Alexander Murray DPhil (Oxon) MEng MRes

Research Fellow and Engineering Manager


Dr. Alexander Murray currently holds the post of Research Fellow and Engineering Manager at the Oxford Thermofluids Institute. His research focuses on technologies relating to reducing greenhouse gas emission in the aviation industry and more broadly. His research interests include sustainable aviation including hydrogen-based propulsion architectures, advanced gas turbine cooling and material technologies, and carbon capture technologies.

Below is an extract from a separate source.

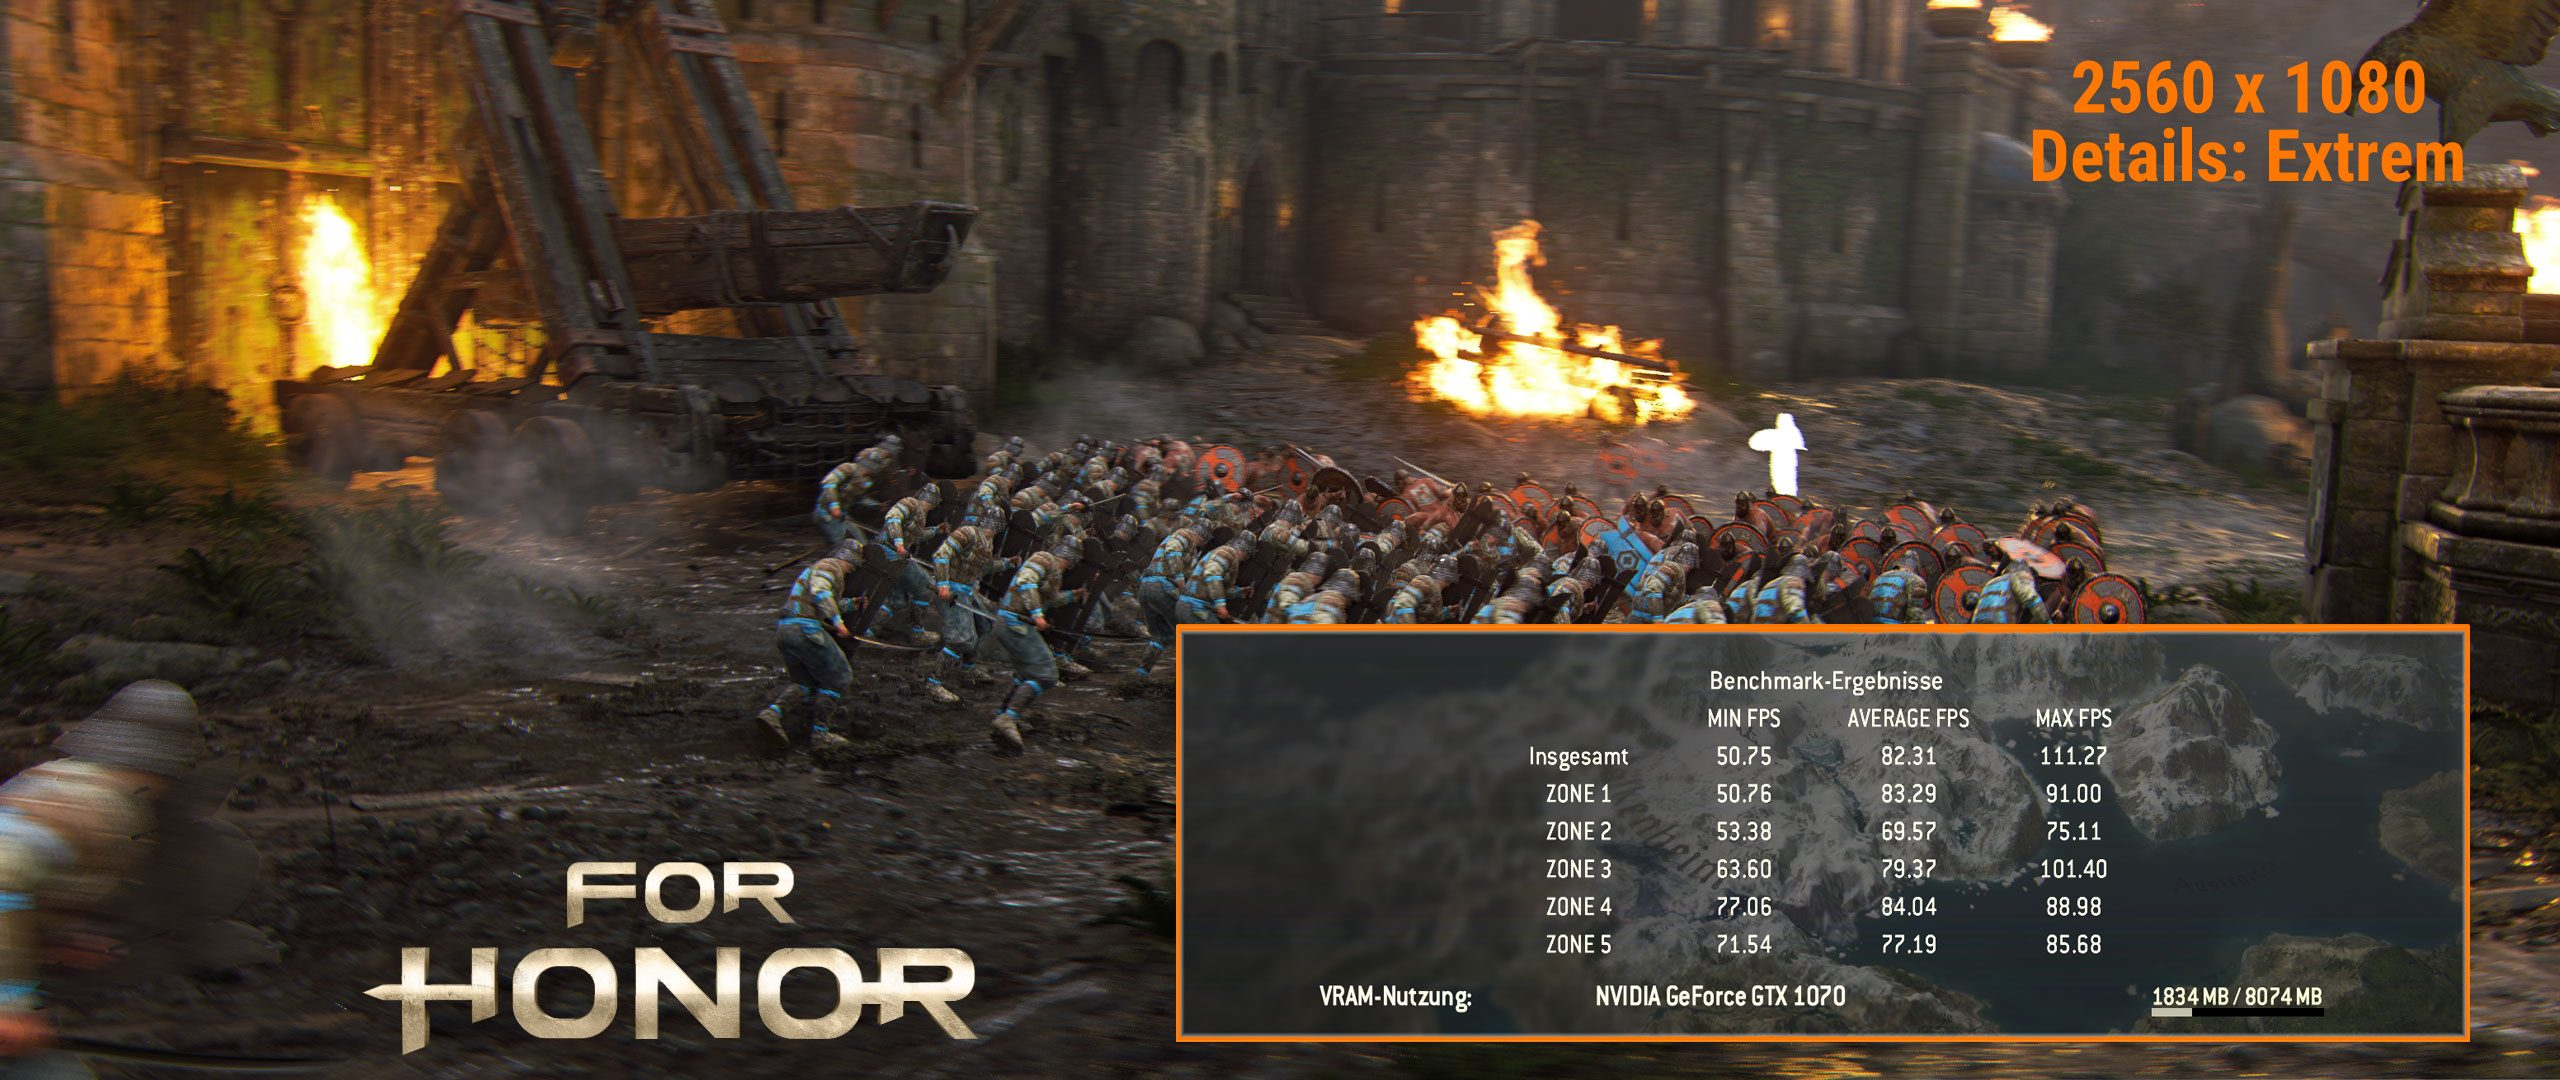 Acer-Predator-17-G9-793-718-Games-Monitor-7

Alexander completed his Master’s in Engineering Science at the University of Oxford, where he was a member of Wadham College. He then joined the newly established EPSRC CDT in Gas Turbine Aerodynamics at the University of Cambridge where he undertook a Master of Research degree. On completion of this, he returned to the University of Oxford to undertake his Doctor of Philosophy degree under the supervision of Professor Peter Ireland at the Oxford Thermofluids Institute. His research was performed in collaboration with Rolls-Royce plc and investigated novel cooling technologies for gas turbine applications.

Oxford Thermofluids Institute


Alexander’s research interests focus on technologies that reduce greenhouse gas emissions in the aviation industry. This includes investigating hydrogen-based prolusion architectures as a basis for sustainable aviation. His research – in collaboration with industry and academic partners – also focuses on increasing the efficiency of current gas turbine engines via both advancements in turbine cooling systems and the use of advanced materials. Such advancements in turbine cooling potentially permit significant reductions in engine fuel consumption, thereby reducing carbon emissions. He is also involved in investigating carbon capture technologies that have the potential to reverse the effects of climate change.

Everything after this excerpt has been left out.